Народу на широком дворе было густо. Тут и стрельцы во всеоружии, подводы с припасом, челядь по кладовым воеводским снуёт — таскает до кучи всякий боевой доспех. И пушкари, прихмуренные бородачи, возле двух пушечек голландских колдуют, на дубовые лафеты прилаживают. Дивился Аввакум на суету.

— Никак, Денис, на Литву ополчаешься?

— Боже упаси, — отмахнулся Денис Максимович. — Тут свои вскрамолились, шалят. С понизовья от Астрахани черемисы да ногайцы с вольными людишками вверх по Волге гребут да грабят.

— Уж не лихо ли новое наваливается.
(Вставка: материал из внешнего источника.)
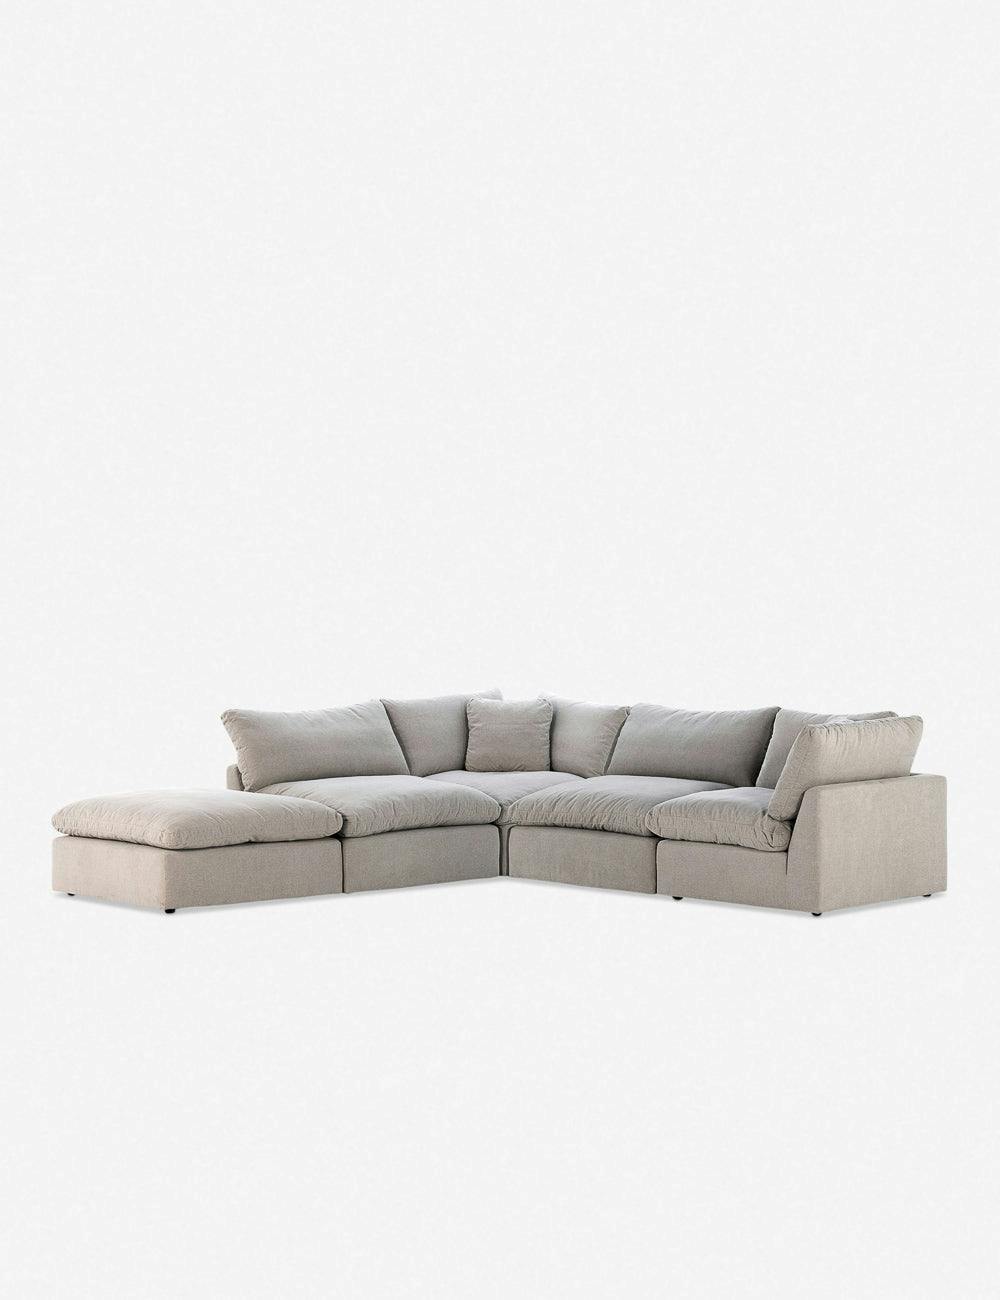 Destin Flannel Luxe 4-Piece Sectional Sofa with Ottoman

Опять Русь воруют, — встревожился протопоп. — Сам-то как прикидываешь?

— Ништо-о! Лихо нонича мелкое, — зашевелил красой-бородой воевода и, выгордясь — грудь ободом, огладил её, холя. — Тут пред твоим приездом пятерых лазутчиков, воровских мутил, на торжище повязали, да на плотах на глаголы вздёрнув, пустили вниз по Волге острастки для.

— Видел я острастку ту. Ж-жуть. Милосердствуй, Денис Максимыч.
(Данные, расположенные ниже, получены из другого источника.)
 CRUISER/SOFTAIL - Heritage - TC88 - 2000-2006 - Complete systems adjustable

— К ворью? — удивлённо надломил брови воевода. — Их миловать — себе на шею верёвку намыливать. Вот и сбираюсь со стрельцами да двумя пушчонками растолочь ту стервь в зародыше. Ишшо там и казачья шушера с Дону дурит и пагубничает. Но побаивается. Ворьё-то мы в полон не берём: кому секир башка, кому картечь, а шибко гулявым да резвым — удавку. Оченно сволота сия пушек не любит. Вишь, снял со стены две? Боле и не надобно.

— А царь казакам благоволит, как не знаешь? — Аввакум заглянул в бесхитростные глаза воеводы. — Они ж в польскую самозванщину Михаила, царствие ему небесное, на трон подсадили. Я их ватагу посольскую в Москве видел. Все в бархате, при пистолях и саблях. Пред боярами шапок не ломят, свысока глядят. К государю с оружием вход разрешён. Во как жалует их царь. Не робеешь?

— Царю — жаловать, а нам, его псарям, не миловать! — тряхнул кулаком и отвёл упрямые глаза воевода, но тут же прикрикнул на пушкарей:

— Пищалей затинных пошто не вижу? Снять сколь ни есть из бойниц! Неча ржаветь имя. Да свинцу и пороху вдосыть чтоб. Вдосы-ыть!

Протопоп наблюдал за всей суетой с любопытством. Впервые видел сбор войска на брань смертную. Подошёл к пушкарям.

— Пушки палить не отвыкли? — потыкал пальцем в жерло. — Сто лет немотствовали. Небось в утробах их голуби птенцов парили.

— Что им станется, медным! Пробанили песочком да золой, — воевода взял протопопа под руку, отвёл к приказной избе. — Тут, батюшка, грамотка на тя обрелась, а пуще — донос.

Аввакум подобрался, глядел на запрокинутое к нему со смешинкой в глазах лицо воеводы, ждал, чего такого неладного поведает Денис Максимович. Крюков не стал томить любого ему протопопа.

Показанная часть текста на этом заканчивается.